US Futures May Provide Early Cheer for Europe Today

By David Land (Head of Analysis)

The nervousness throughout the European region continues to limit any upside. The uncertainty that is driven on both a political and economic level fails to provide confidence that there is a turning point for the region in the near future. The analysis from the IMF has been important for the direction that the market has taken in recent days.

I think it underlines just how many issues there are to be dealt with by policy makers. At the same time it’s a reminder of how slow the committee thinking will be to deliver solutions. I believe that investors are greatly frustrated by the politicisation of critical decisions that would benefit from a degree of altruism on the part of the countries making them.

The Asian session has been doggedly positive again in many areas. Futures in the US have improved significantly off their lows which may provide some early cheer for the European markets.
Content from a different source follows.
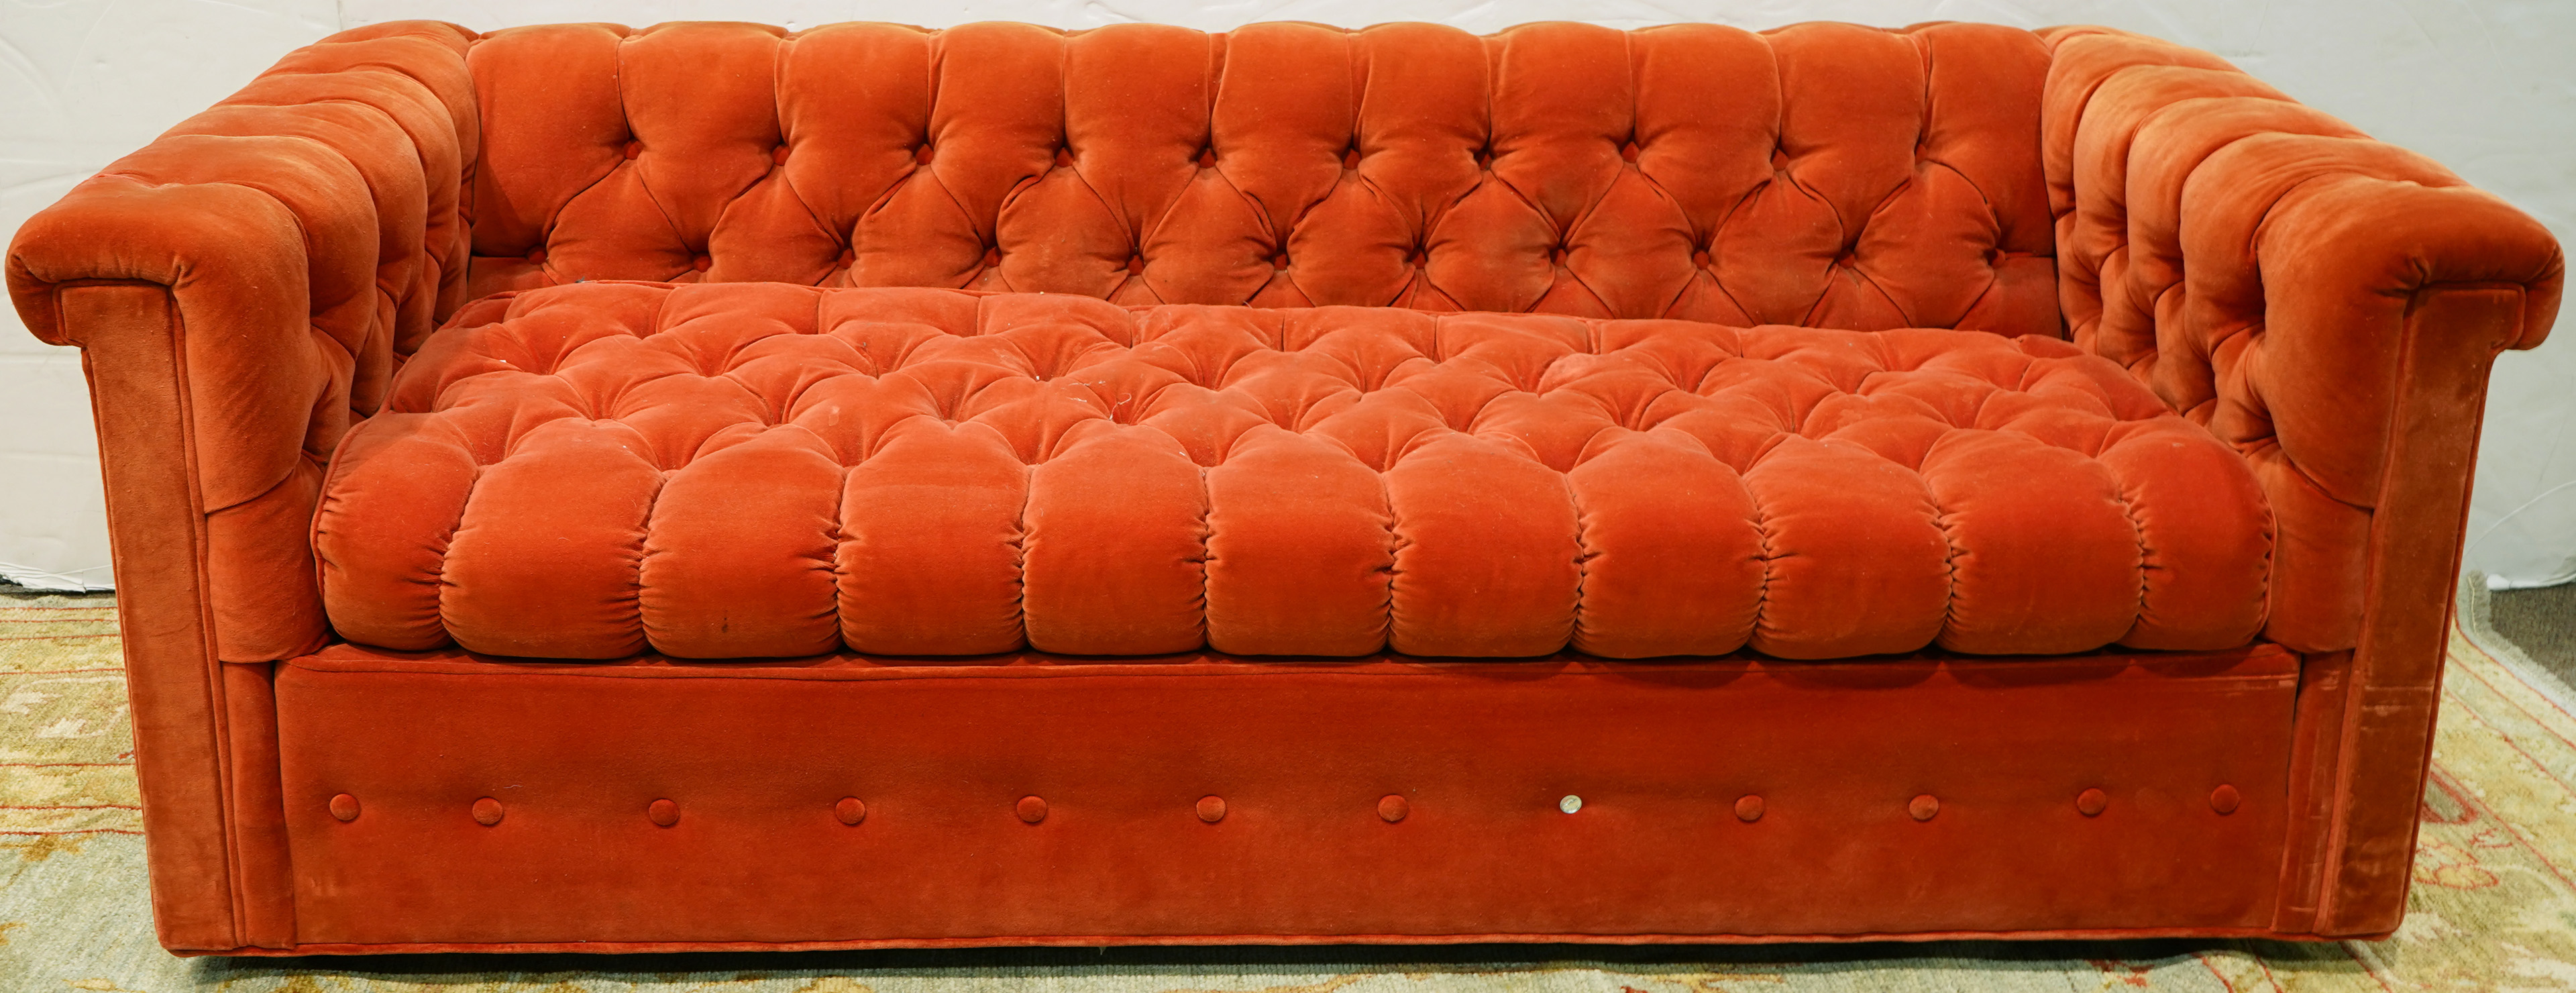 A Pair of John Stuart orange velvet upholstered Chesterfield style sofas - Image 2 of 2

The combination of flow on from the IMF reporting and US earnings season hangs over global markets for the most part and has impacted outside of equities. The oil price was sent lower in overnight trade but has rallied back to short-term resistance levels during the Asian session.

I think there has been some paring back of negative expectations for the outlook in China. Whilst this isn’t a switch back to sentiment of last year it’s a big improvement and we see this reflected in some of the currency and commodity markets. Keep in mind too that the market has been priming for a poor reporting season in the US so it wont take too much in the way of outperformance to provide a boost for US equity and wider sentiment that it impacts upon.

 

November Rate Cut Likely Due to Higher Unemployment

By Ben Taylor (Sales Trader, CMC Markets)
 

The Australian market has reversed its initial losses as the unemployment rate moved higher increasing the likelihood of a November rate cut. The unemployment numbers showed better than expected full time employment, as well as a rise in the participation rate and the unemployment rate.

The result conveys a soft labour market in the mix of waning growth both domestically and overseas.  With unemployment on the rise, October’s rate cut was well and truly justified today.  The percentage chance of a rate cut in November just got better. The easing bias is here to stay. Today’s result has helped our local market defy overseas leads and pushed us into positive territory despite an overwhelming case of macro woes.  The warning signs are building from US companies as we head into the US reporting season.

Alcoa has downgraded its December quarter guidance and Chevrons announcement last night of lower earnings are examples of large companies currently struggling with the current slowdown. Open ended quantitive easing from the Federal Reserve seem to be doing little to lift the market’s belief that a turnaround is definite. Downgrades from the IMF and World Bank have spoilt the party lately while the continuous unrest in Europe ensures headlines focus on an untenable situation.